Isn't it remarkable how much less bitter even the tone of the text in the transcripts are too? This is from far before Citizens United. They talk about it with almost idle fascination.
It’s got the tone of public radio, which I think this reporting was from.
There is no evidence that the EV1 was a practical vehicle, at least not if you take the strange step of expecting GM to make money manufacturing it.
Either that, or the lizard people decided to start allowing them for some lizardy reason or other. That never really figures into these narratives.
Well the lizard people control not only all the oil but also all of the rare-earths so to them its a win-win.

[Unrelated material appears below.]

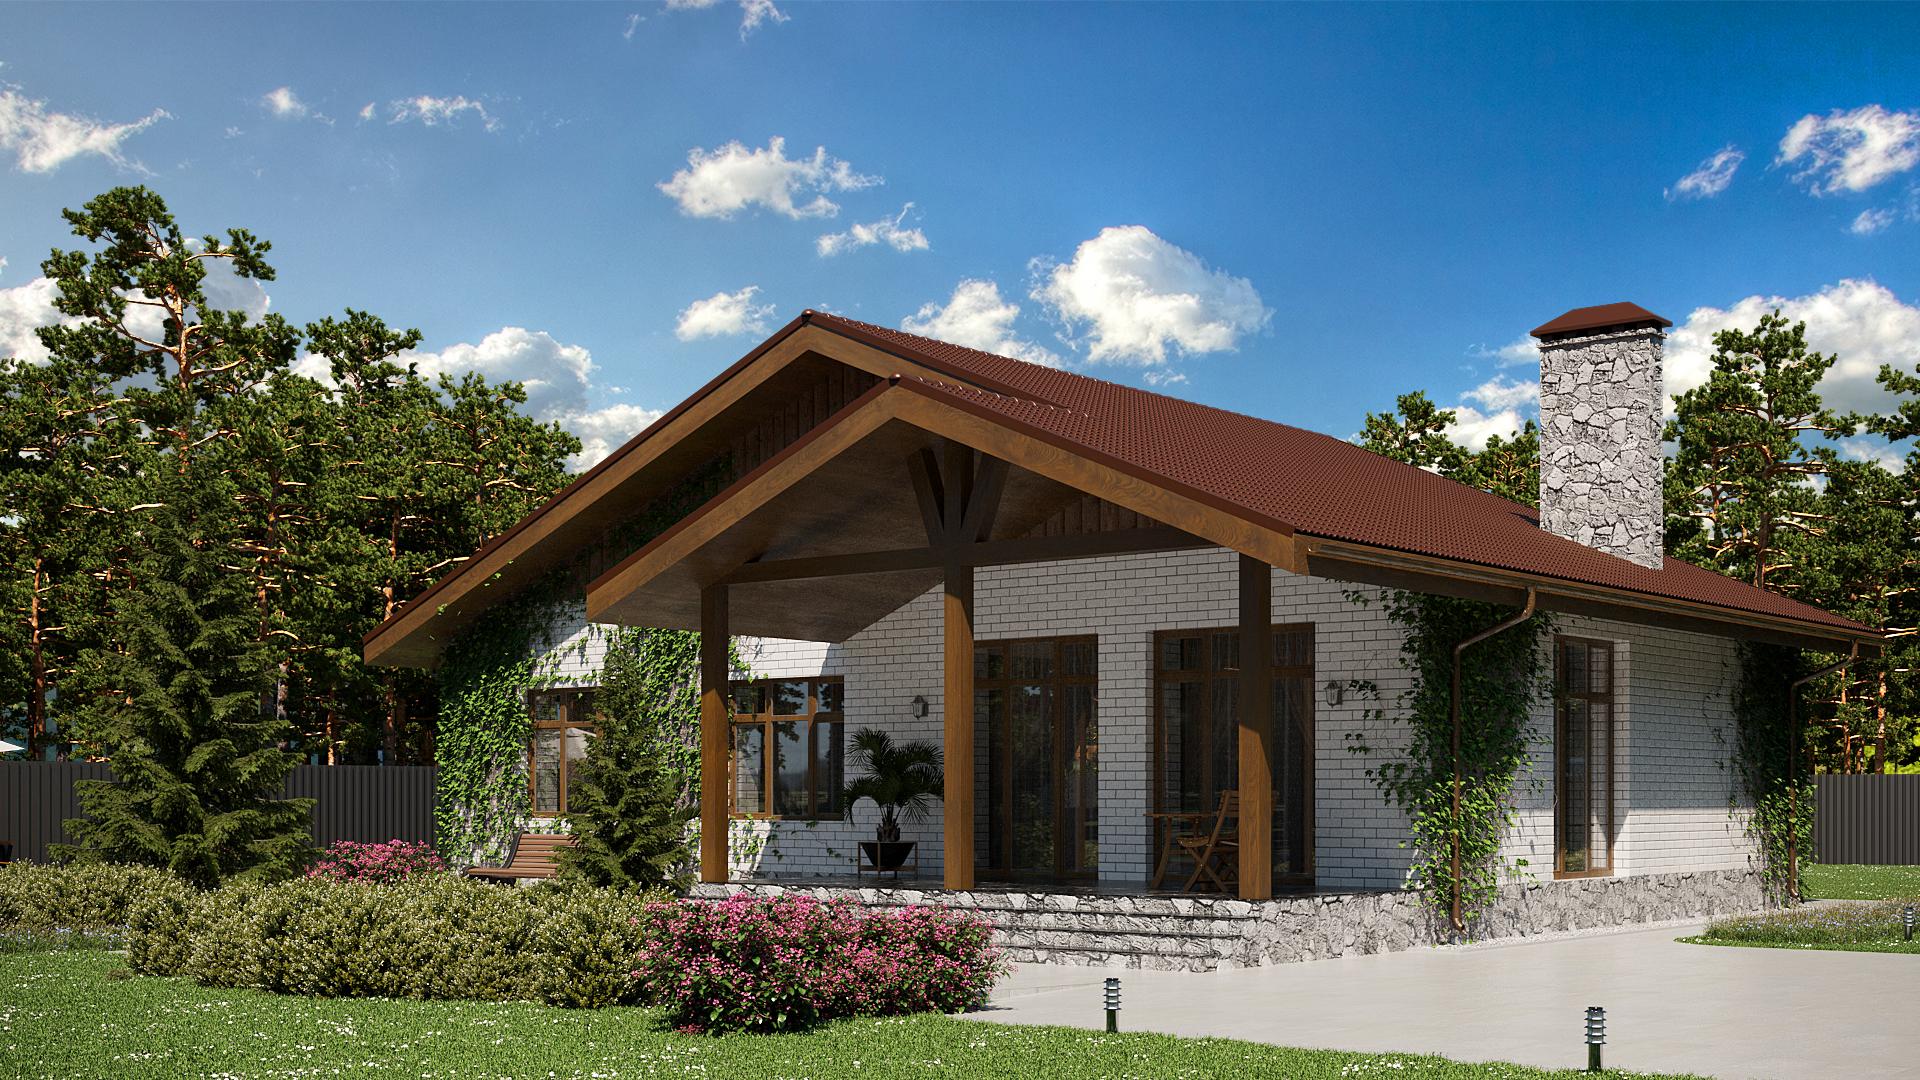 Готовый проект дома 115 кв.м // Артикул СТ-141 фасад

Except big oil is still lobbying incredibly hard against them, enough to make people worry that the US will fall behind the curve on this tech and being a key explanation of why China has taken a lead on this tech.
Just because they do it openly and often very stupidly doesn't stop it being a conspiracy.
This very article details this in relation to California regulations pushing for an EV:
>They didn't like it. So all 3 American car makers, including GM, rallied together, spent a lot of money lobbying, also did this in partnership with the oil companies, I'm sorry to say. The oil companies spent far more than the car companies. And the result was that they got this mandate ordered down, delayed, pushed aside last December. And at that point Ford and Chrysler and the other carmakers no doubt heaved huge sighs of relief and thought great, now we don't have to worry about electrics for at least another 5 years. And that was when GM startled them by saying that it had secretly revived the EV-1, and would be coming out with it this fall. So Ford and Chrysler are if anything angrier at GM, because now that this car's going to be a reality, if it succeeds they've got to compete with it.
Similarly we see German automakers pushing against European regulations, even as China produces better cars cheaper that are zero emissions…
> worry that the US will fall behind the curve
Man it's already over. It's hard to imagine the US autos EVER catching up at this point, even with state support.
It's a general problem across all sectors. Incumbent interests trying (and often succeeding) to block competition. The housing and healthcare markets are prime examples.
Edit: that's not to say incumbents are always big companies. They might be homeowners, or taxi drivers.
one more example, the ULA CEOs laughing about how it was impossible to land a rocket back down and re-use it. Or car companies fighting unleaded gas.